_WHAT THE EXERCISE ASKS:_ Filter the entries for the word "Committee". Copy each line in which it occurs.

(Source data)
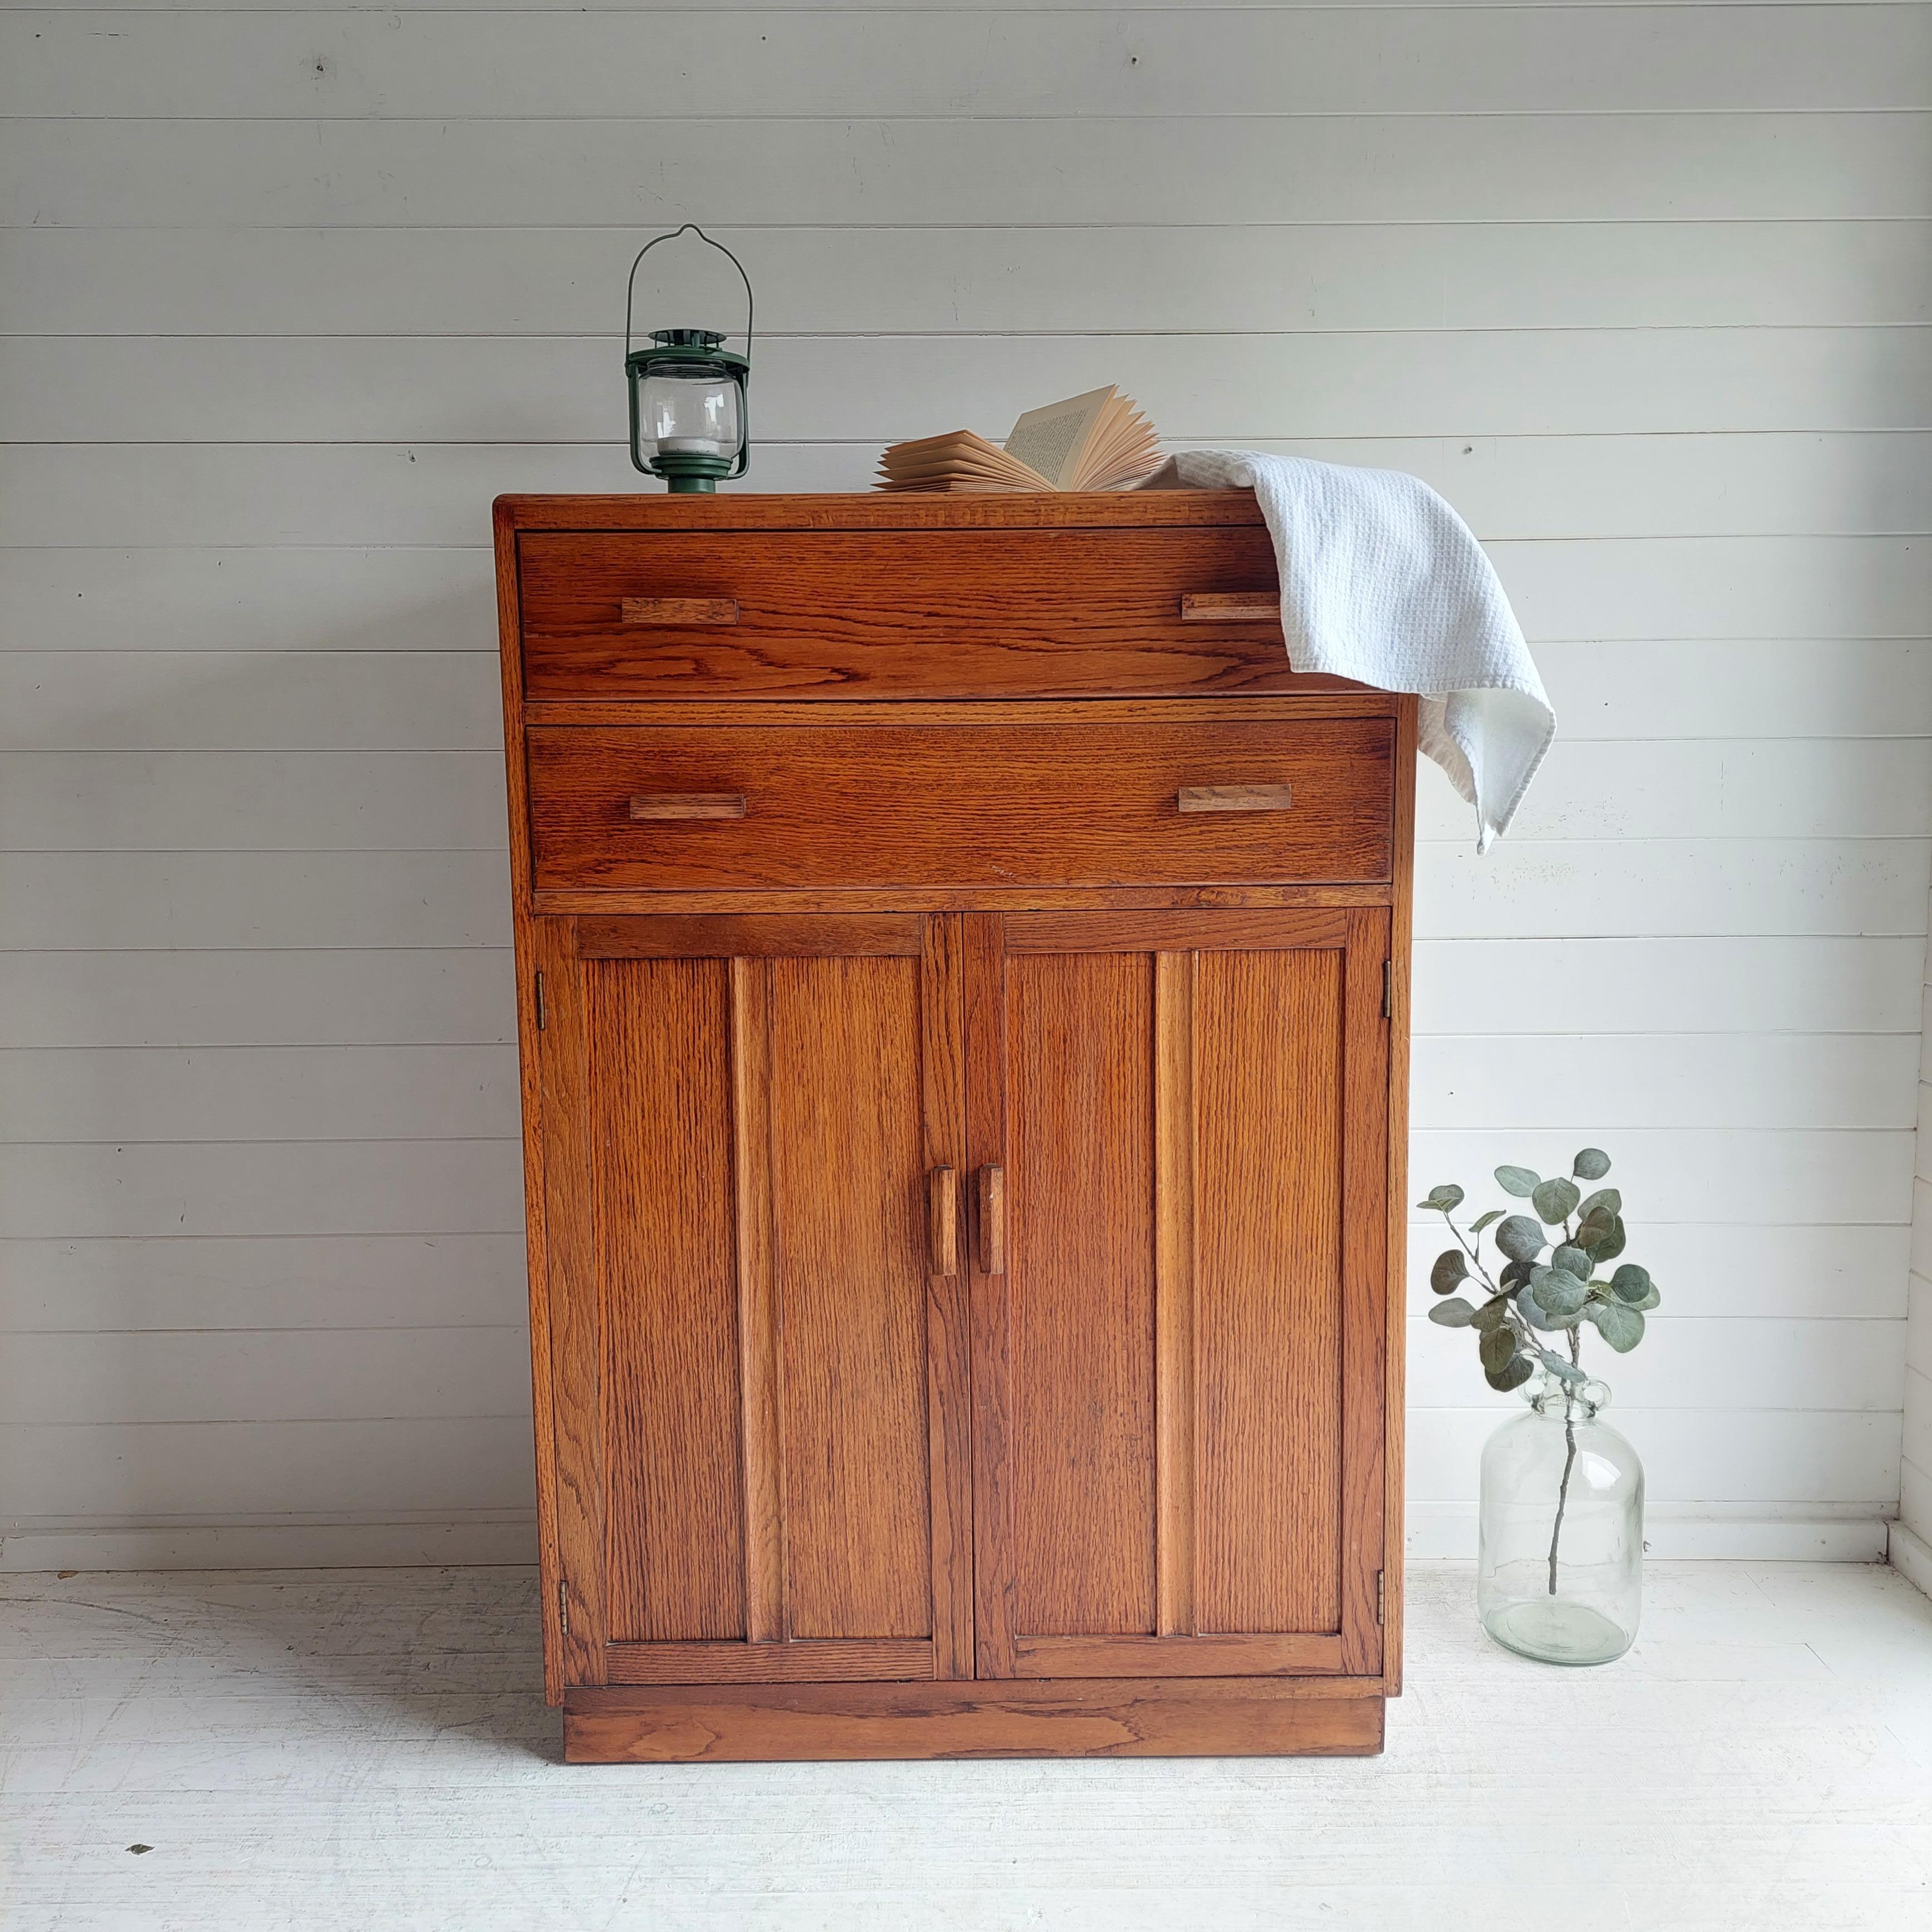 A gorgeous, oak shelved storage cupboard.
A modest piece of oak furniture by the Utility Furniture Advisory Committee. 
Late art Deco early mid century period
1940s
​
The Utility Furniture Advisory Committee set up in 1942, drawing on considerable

_COMPLETED EXERCISE:_
A modest piece of oak furniture by the Utility Furniture Advisory Committee. 
The Utility Furniture Advisory Committee set up in 1942, drawing on considerable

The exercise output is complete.